[antlr-interest] Token parsing speed

Thu Feb 24 09:31:56 PST 2011

On 02/24/2011 04:25 AM, Richard Druce wrote:
> I have a question on the general best practice and speed between of
> using  tokens vs rules to construct parts of the grammar. Our language
> has many phrases that share words, a simplified sample being 'first'
> and 'first second'.  Would I be better off putting them in as tokens
> or rules from a speed of parsing perspective. Some of my tokens also
> contain whitespace.
>
> i.e
> rule1: FIRST;
> 
> rule2: FIRST WS SECOND;
> 
> FIRST: 'first';
> SECOND: 'second'
> 
> WS: ' ';
> 
> or
> 
> rule1: RULE1;
> 
> rule2: RULE2;
> 
> RULE1: 'first second';
> 
> RULE2: 'first';
> 
> Thanks,
> 
> Richard

Richard,
	The answer to your question has to do with the answer to these questions:

	How much whitespace is allowed between 'first' and 'second'?

	If the answer is "exactly 1 space", then your second method could
suffice.  If the answer is more than 1, then your first example could
work, depending on what else might be allowed.  Do you have any tokens
in your language that you either SKIP() or send to the HIDDEN channel?
If so, WS should be one of them, and then you don't care what comes
between FIRST and SECOND.

(You *will* run into more ambiguity problems if you don't code your
lexer rules correctly in the second case.)

	If your language allows inline comments, could you put a comment
between the 'first' and 'second' token?  How about a NL?  How about a TAB?
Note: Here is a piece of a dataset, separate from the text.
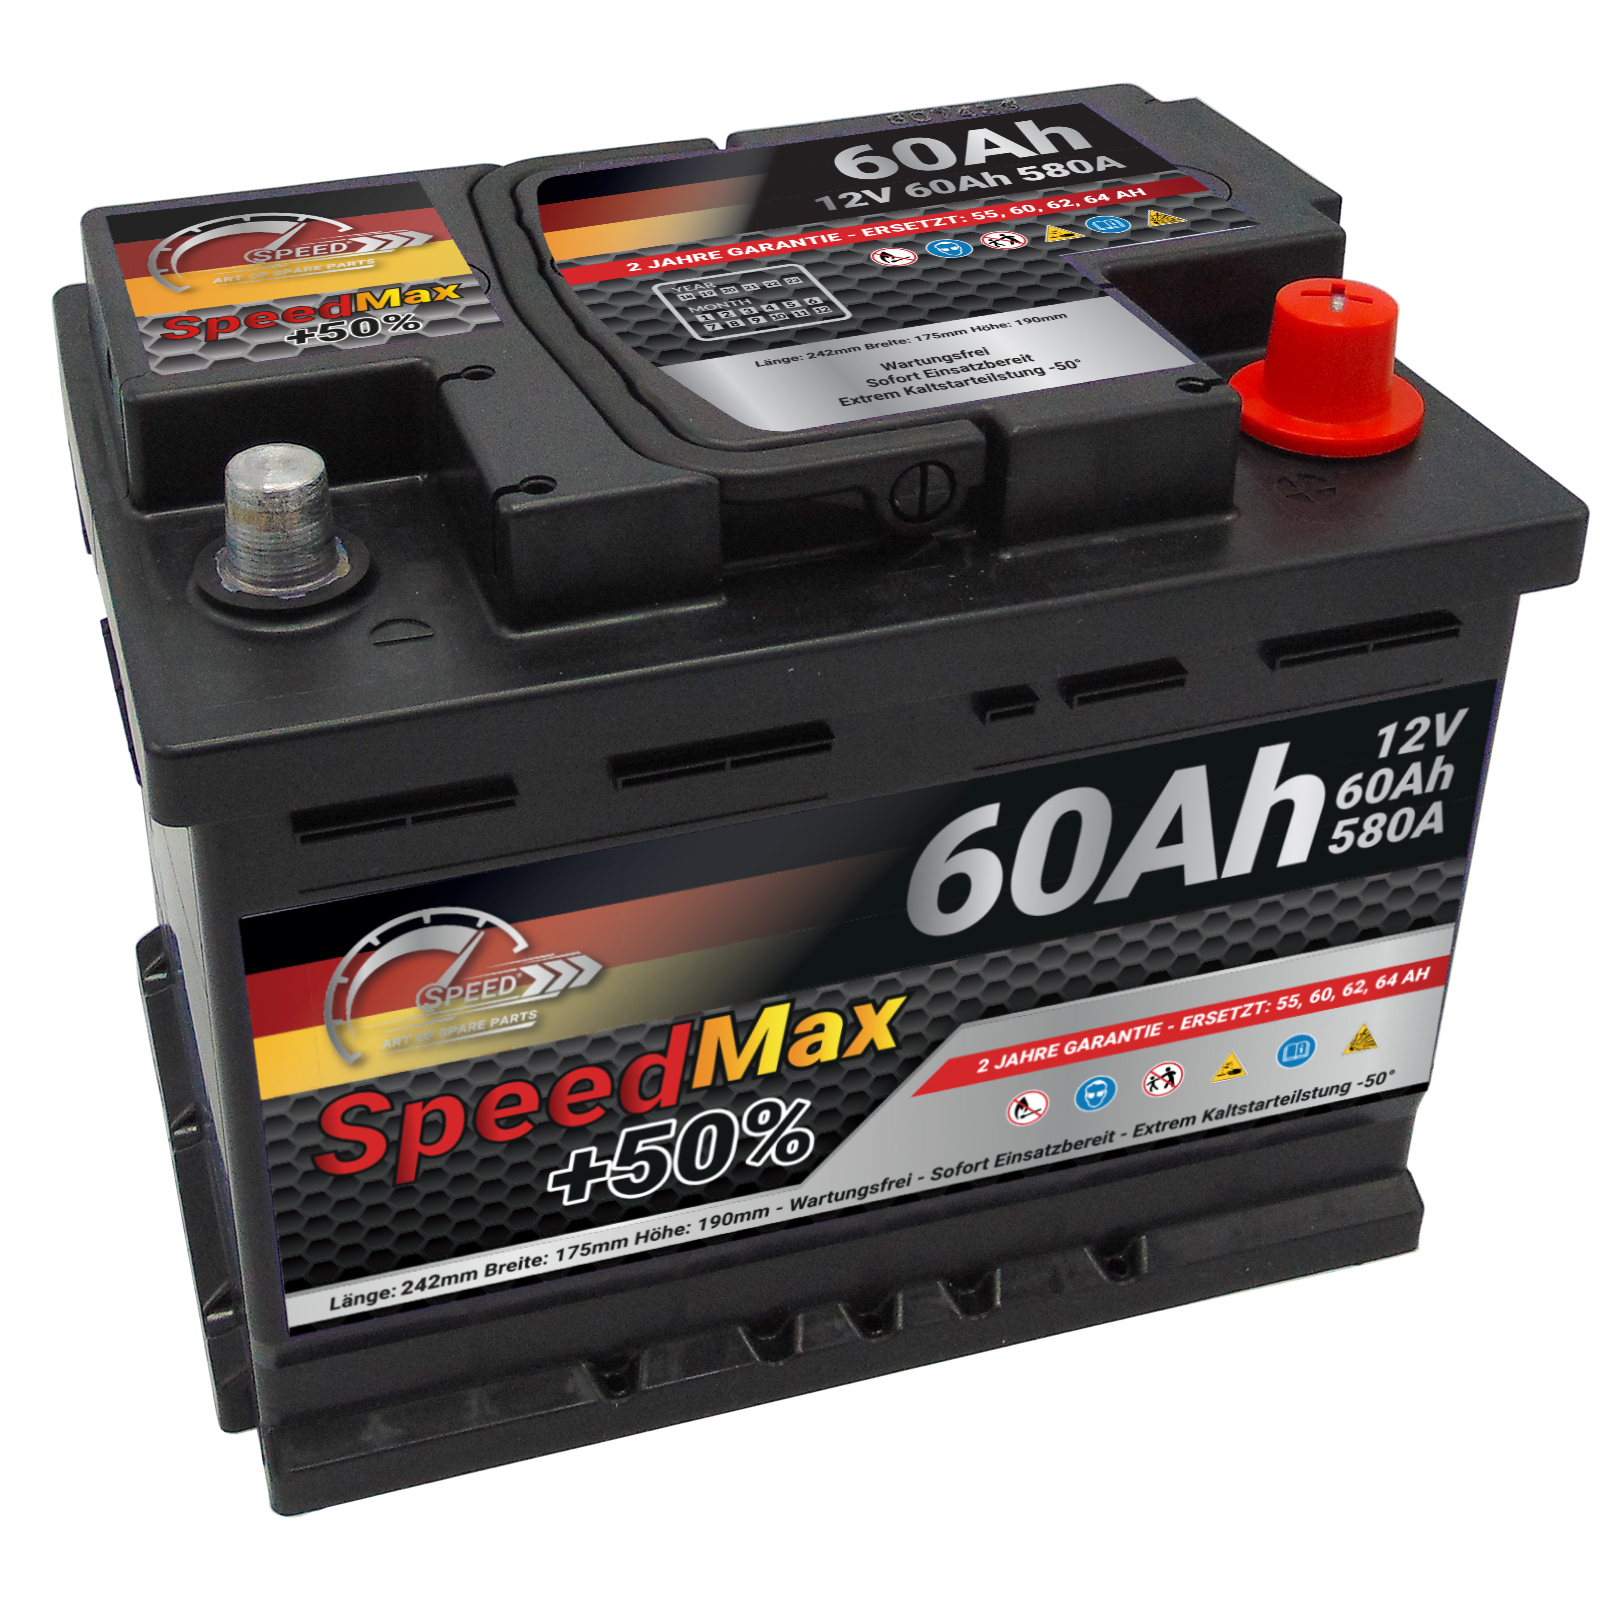 Batteria auto SPEED MAX 60Ah 580A 12V +50% - Ricambi auto SMC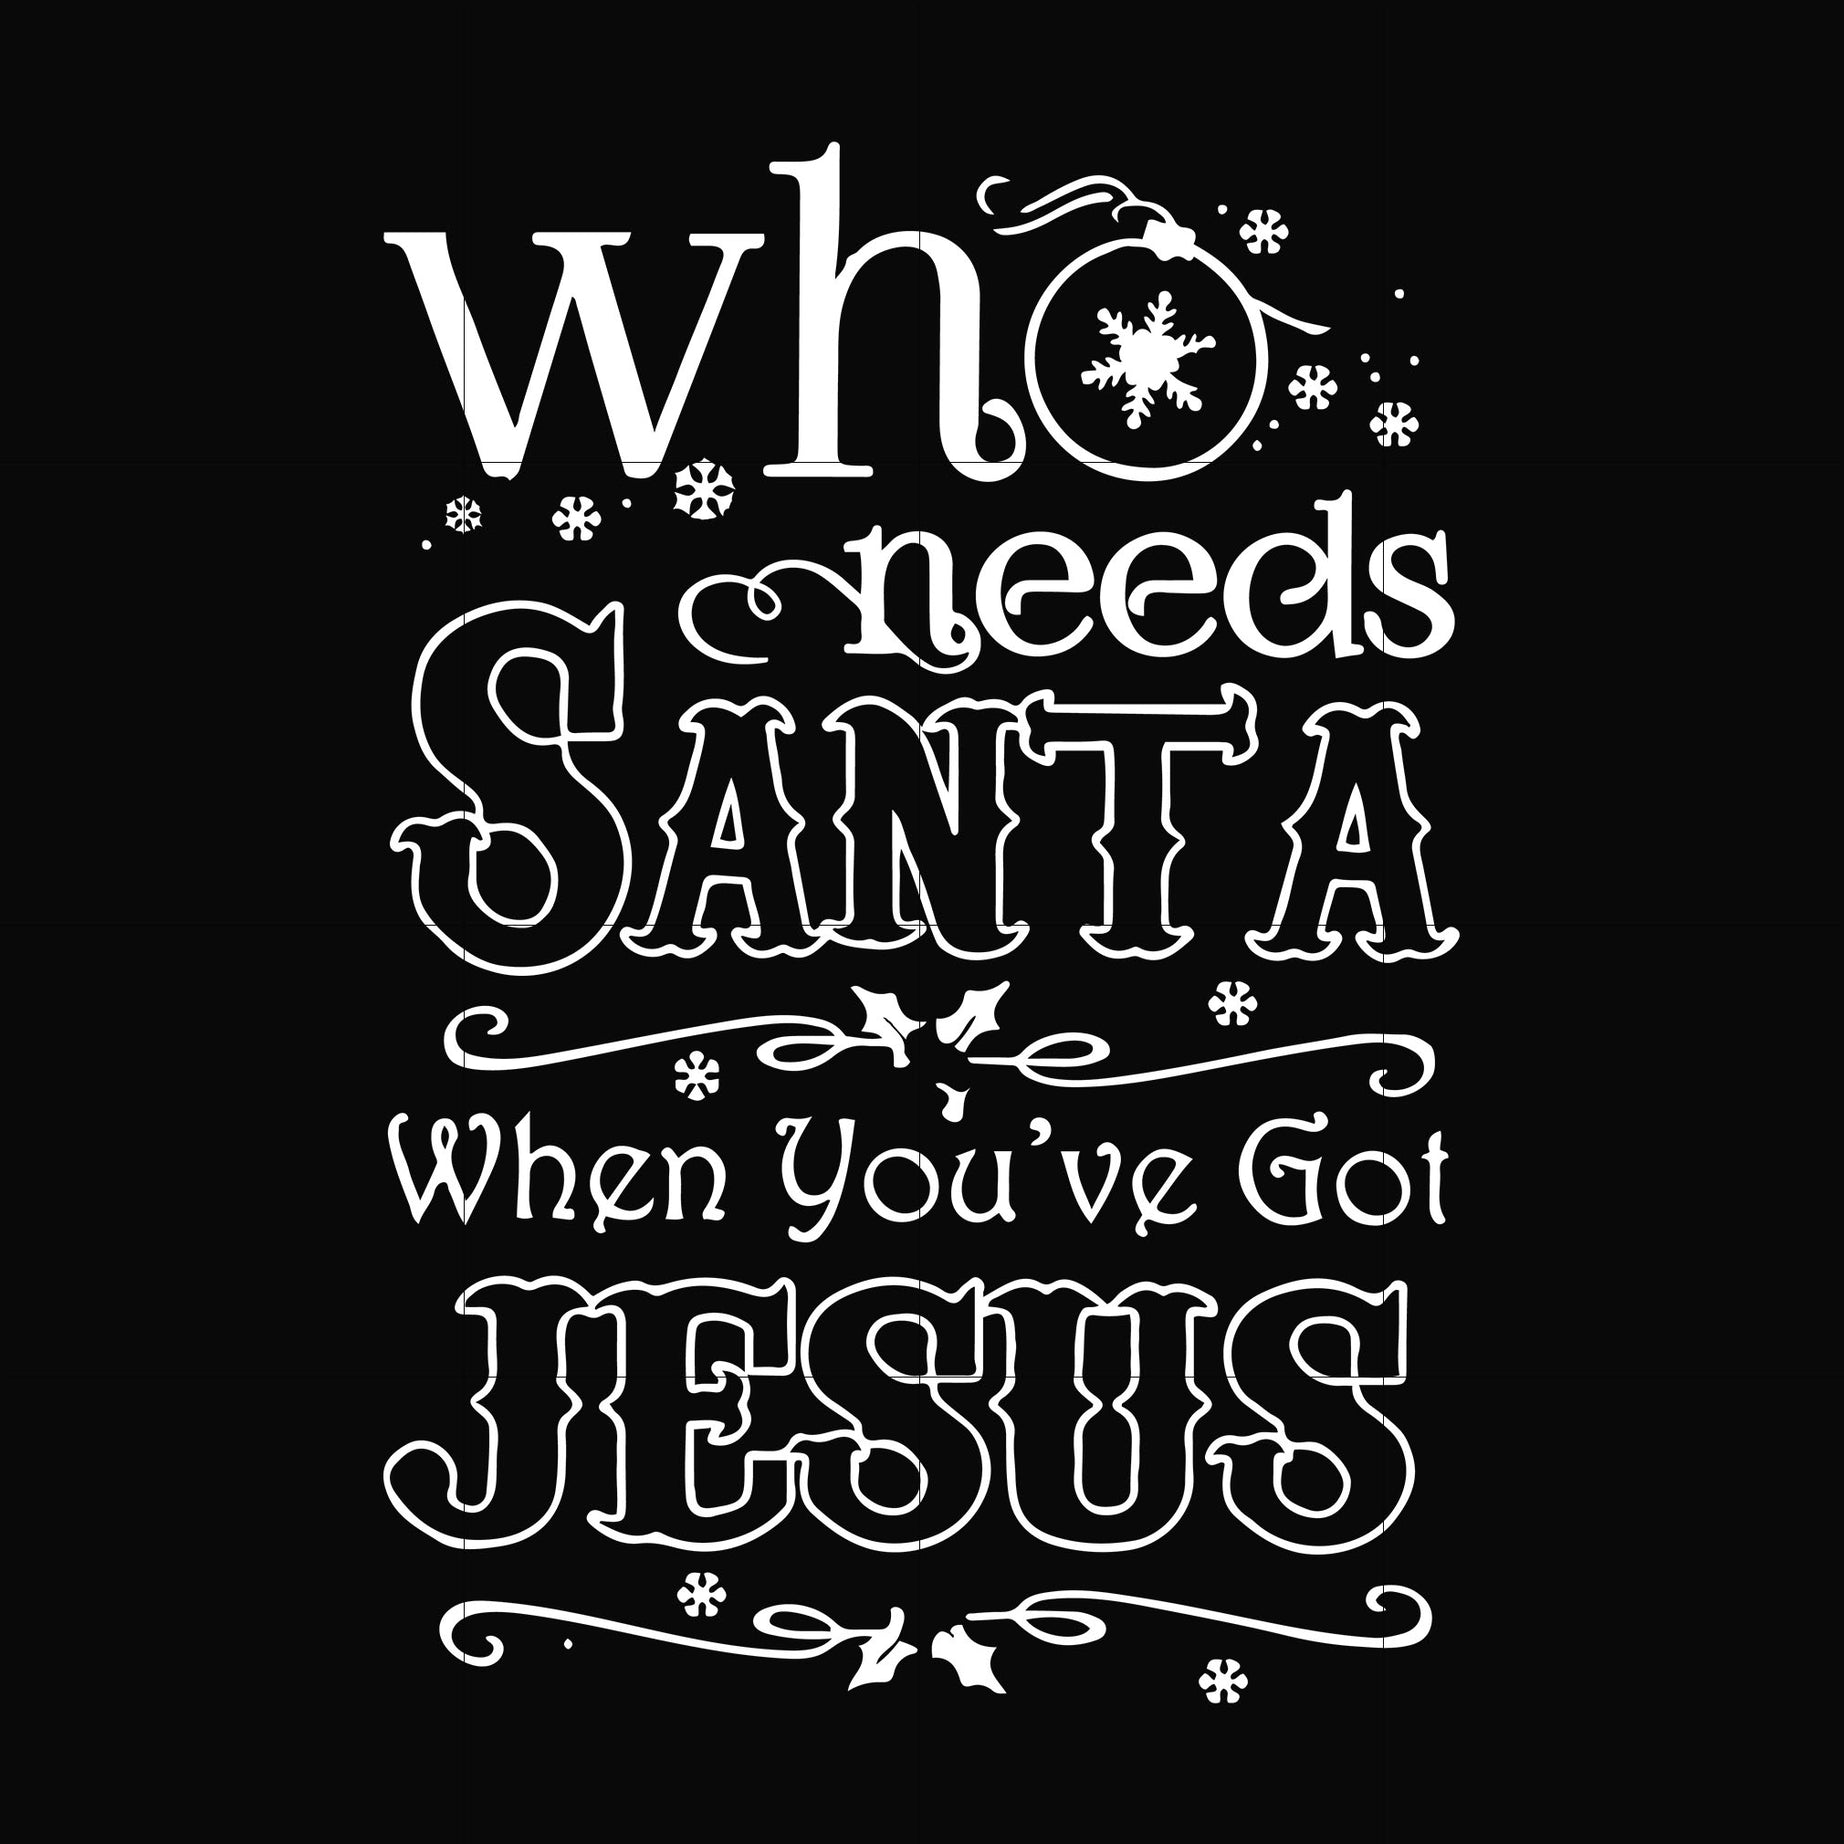 Who needs santa when you have got jesus svg, png, dxf, eps digital file NCRM15072016

	In most languages, whitespace is considered a delimter, or a separator.
 It is only required in those cases where it is necessary to keep the
lexer from over lexing various keywords or identifier names, or numbers.
 Otherwise, they can be ignored.  When I write compiler front-ends, I
usually IGNORE (skip) whitespace in my grammar and let the lexer lex
what it finds for tokens and just parse the tokens it returns.  The only
notable exceptions I've run into is things like pre-processor directives
which need to be recognized and acted upon at the time the lexer finds
them, and not put them into the parsers token stream.  To that end, I
never put WS tokens in my parser rules (only LEXER rules).

	The simple answer is:  Put into tokens only what your parser expects to
see and still be able to parser the language correctly.

-- 
Kevin J. Cummings
kjchome at verizon.net
cummings at kjchome.homeip.net
cummings at kjc386.framingham.ma.us
Registered Linux User #1232 (http://counter.li.org)